Simul­ta­né­ment, les chré­tiens contes­ta­taires des années 1966 – 1973, dont cer­tains sont influen­cés par la théo­lo­gie poli­tique de Johann-Bap­tist Metz et Jür­gen Molt­mann, consi­dèrent l’en­ga­ge­ment socio­po­li­tique comme indis­so­ciable d’une foi authen­tique. Ils se mobi­lisent en faveur de la paix, de la jus­tice et de l’é­man­ci­pa­tion du Tiers-monde. Ils appuient les mou­ve­ments de libé­ra­tion natio­nale, actifs dans les colo­nies por­tu­gaises et les luttes ouvrières en Bel­gique, dont celles des mineurs du Limbourg.

La maturité

Dans les années 1974 – 1979, les chré­tiens de gauche sont de plus en plus nom­breux à cher­cher leur ins­pi­ra­tion dans la théo­lo­gie de la libé­ra­tion et dans l’ac­tion des com­mu­nau­tés de base, telle qu’elle se déve­loppe dans plu­sieurs pays d’A­mé­rique latine. Ils par­ti­cipent aux grandes mobi­li­sa­tions contre le mili­ta­risme, contre le racisme et l’a­par­theid, pour le par­tage du tra­vail et des reve­nus. Même s’ils cri­tiquent tou­jours la pila­ri­sa­tion, les Chré­tiens pour le socia­lisme sou­tiennent les appels lan­cés par le Katho­lieke Werk­lie­den­bond en faveur de la créa­tion d’un par­ti ouvrier chré­tien, indé­pen­dant du cvp. Si la plu­part des groupes pri­vi­lé­gient une action sur les struc­tures de la socié­té, d’autres mettent l’ac­cent sur un mode de vie plus sobre, en rup­ture avec la consom­ma­tion de masse, pour « chan­ger la vie ». Ils se rap­prochent du mou­ve­ment plu­ra­liste Anders Gaan Leven (Vivre autre­ment), créé par le jésuite Luc Vers­tey­len, dont est issu le par­ti épo­nyme Aga­lev5. Seule une petite mino­ri­té opte pour le mar­xisme-léni­nisme, dans ses ver­sions trots­kiste ou maoïste.
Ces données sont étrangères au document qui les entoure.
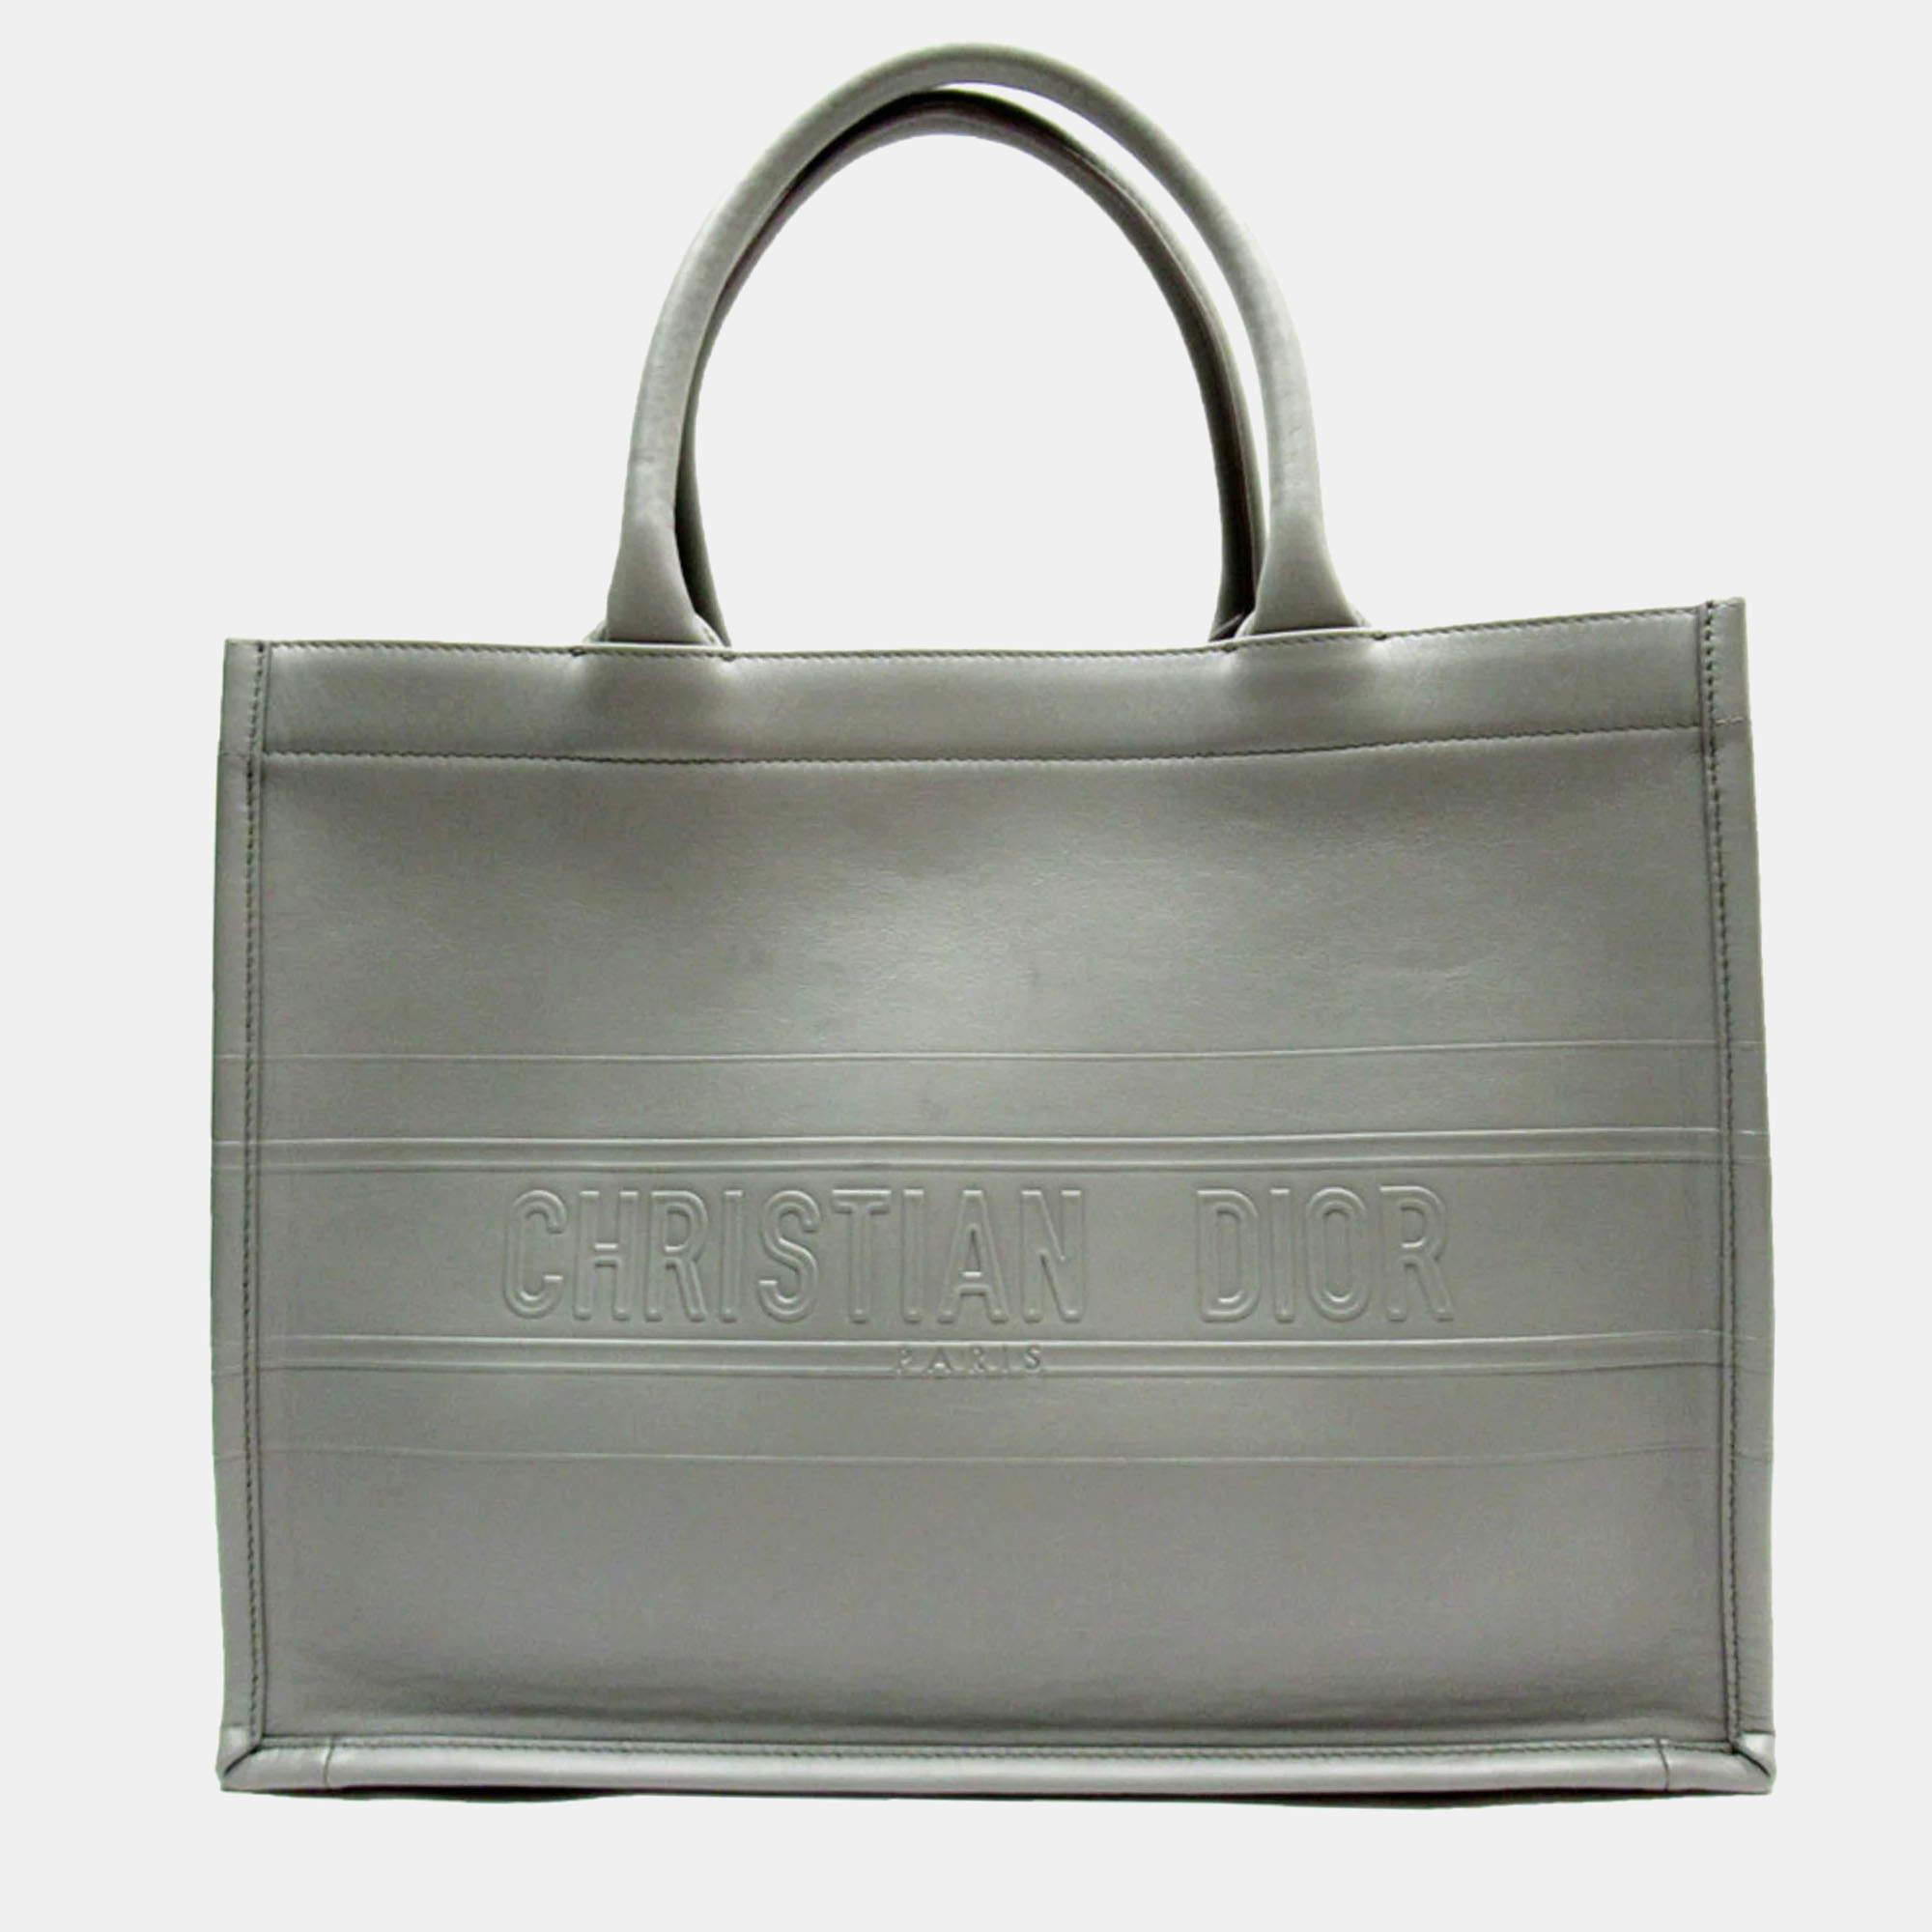 Dior grey leather small book tote tote bag
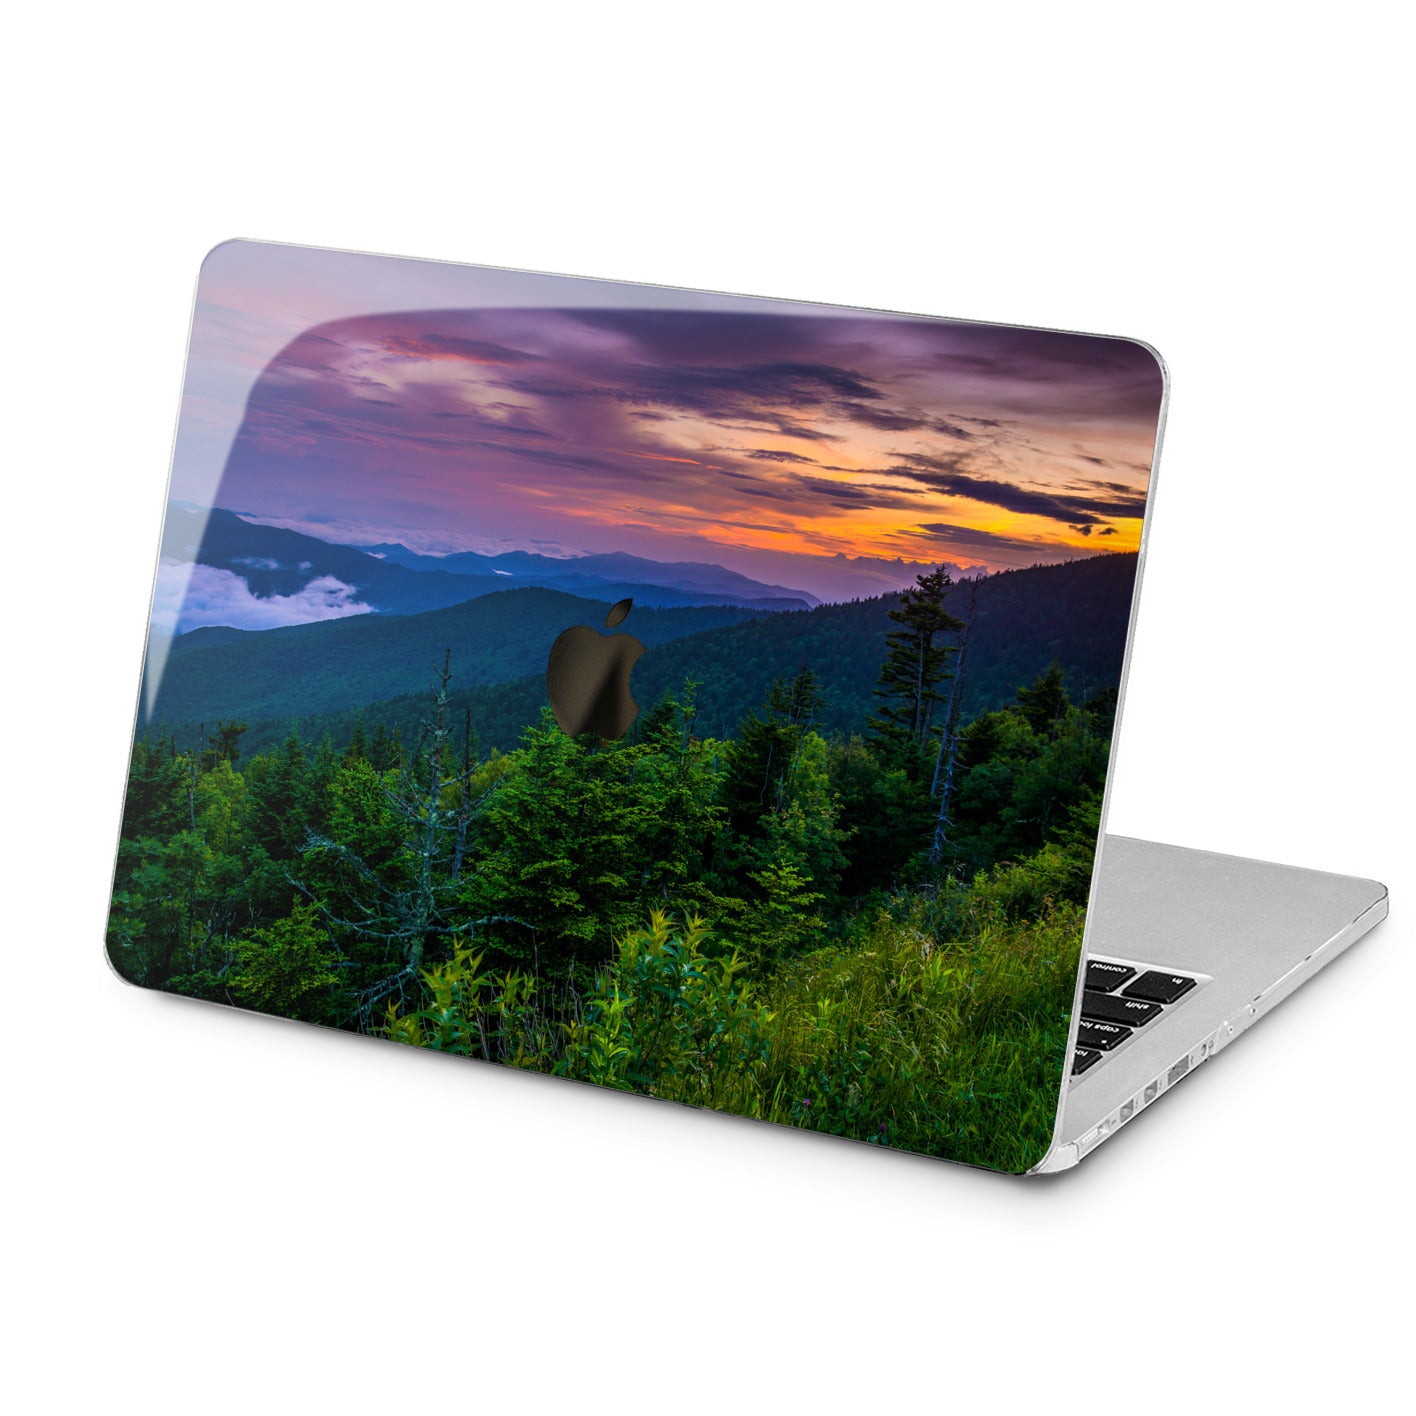 Lex Altern Lex Altern Sunset Sky Case for your Laptop Apple Macbook.

De 1980 à 1990, le cou­rant des chré­tiens de gauche demeure très vivant en Flandre, avant de s’ef­fi­lo­cher. Il com­bat les poli­tiques néo­li­bé­rales, notam­ment celle du gou­ver­ne­ment Mar­tens-Gol, et la res­tau­ra­tion conser­va­trice pro­mue dans l’É­glise par le pape Jean-Paul II. Il accueille en son sein une com­po­sante fémi­niste très active. Il compte de nom­breux émules des com­mu­nau­tés de base d’A­mé­rique cen­trale (Nica­ra­gua, Sal­va­dor, Gua­te­ma­la). La ten­ta­tive de fédé­rer les dif­fé­rentes sen­si­bi­li­tés du pro­gres­sisme chré­tien en un réseau, les Maat­schap­pij- en Kerk­kri­tische Kris­te­nen (Chré­tiens cri­tiques à l’é­gard de la socié­té et de l’É­glise) est en grande par­tie vouée à l’é­chec, à par­tir de 1980. La fin de la décen­nie est plus dif­fi­cile à vivre. L’im­plo­sion du bloc de l’Est est per­çue par cer­tains chré­tiens de gauche comme un triomphe du capi­ta­lisme. La défaite élec­to­rale des san­di­nistes, au Nica­ra­gua, laisse à beau­coup un gout amer.

Un « nouveau mouvement social » ?

À juste titre, Bart Latré situe les chré­tiens contes­ta­taires des années 1968 – 1990 au sein de la nébu­leuse des « nou­veaux mou­ve­ments sociaux », tels qu’A­lain Tou­raine les a qua­li­fiés. Ils par­tagent avec ces der­niers une série de par­ti­cu­la­ri­tés : une nais­sance spon­ta­née, en dehors des grands appa­reils ins­ti­tu­tion­nels, une struc­ture orga­ni­sa­tion­nelle souple, voire lâche, une idéo­lo­gie liber­taire de gauche, une mobi­li­sa­tion mili­tante sur des ter­rains ciblés (paci­fisme, fémi­nisme, tiers-mon­disme, éco­lo­gie), une sym­pa­thie pour le modèle des com­mu­nau­tés de base latino-américaines.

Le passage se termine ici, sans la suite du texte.